Extraordinary General Meetings
The implementation of the Proposals will require an EGM for each of GDT
Securities and the Company. These have been convened for 3.30 p.m. and 3.35
p.m. respectively, on 30 April 2004. The notices convening these meetings are
set out in the Circular. The Meetings will be held at Gartmore House, 8
Fenchurch Place, London EC3M 4PB.
The Proposals in their entirety are conditional upon all of the resolutions to
be proposed at the Meetings being duly passed. If the Resolutions to be
proposed at the GDT Securities EGM are not duly passed, the Board will withdraw
the Resolutions to be put before the Company EGM.
Recommendation
The Board, which has been advised by Teather & Greenwood, consider the
Proposals set out in this document to be in the best interests of Shareholders
as a whole. In providing its advice, Teather & Greenwood has placed reliance on
the Directors' commercial assessment of the Proposals.
Expected Timetable
Latest time and date for receipt of Form(s) of
Proxy for use at the:
- Extraordinary General Meeting of GDT 3.30 p.m. on 28 April 2004
Securities
- Extraordinary General Meeting of the Company 3.35 p.m. on 28 April 2004
Registers close Close of business on 28 April
2004
Suspension of ZDP Shares and Ordinary Shares 7.30 a.m. on 30 April 2004
from trading on the London Stock Exchange and
suspension of listing on the Official List of
the UK Listing Authority
Extraordinary General Meeting of GDT Securities 3.30 p.m. on 30 April 2004
Extraordinary General Meeting of the Company 3.35 p.m. on 30 April 2004
Effective Date of winding-up the Company and GDT 30 April 2004
Securities
First liquidation distribution of GDT Securities By 7 May 2004
The definitions used in this announcement are as set out in the circular.

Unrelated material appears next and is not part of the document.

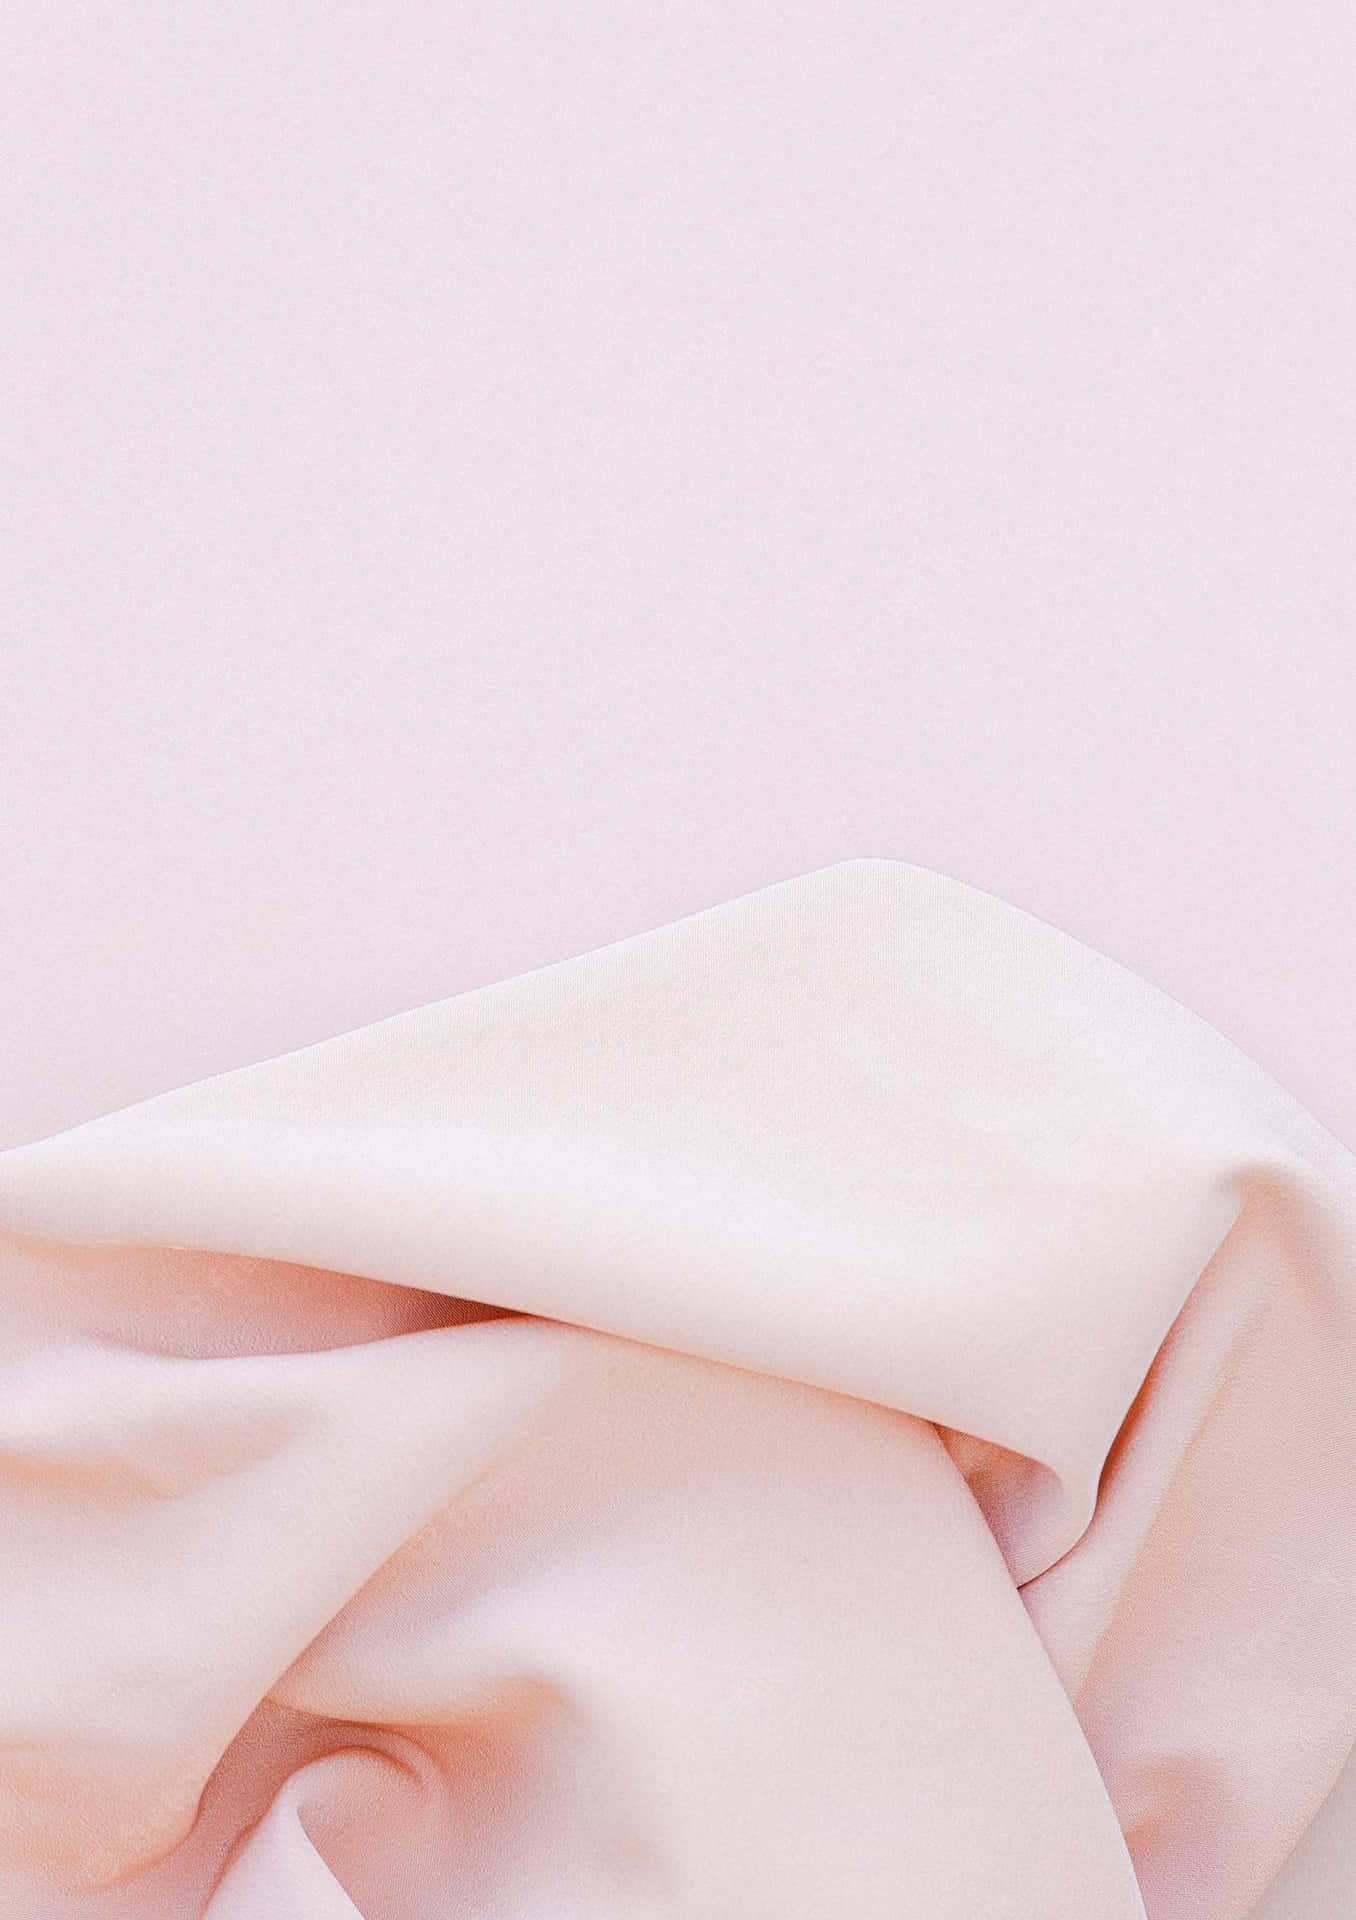 A Pink Blanket On A White Surface Wallpaper

A copy of the circular is available for inspection at the UKLA's Document
Viewing Facility at 25 The North Colonnade, Canary Wharf, London E14 5HS.
Enquiries:
Ian Williams, Lanson Communications 07939 543587
Teather & Greenwood, which is authorised and regulated in the United Kingdom by
the Financial Services Authority, is acting for the Company and GDT Securities
and no other parties in connection with the Proposals and will not be
responsible to anyone other than the Company and GDT Securities for providing
the protections afforded to customers of Teather & Greenwood or providing
advice in relation to the Proposals.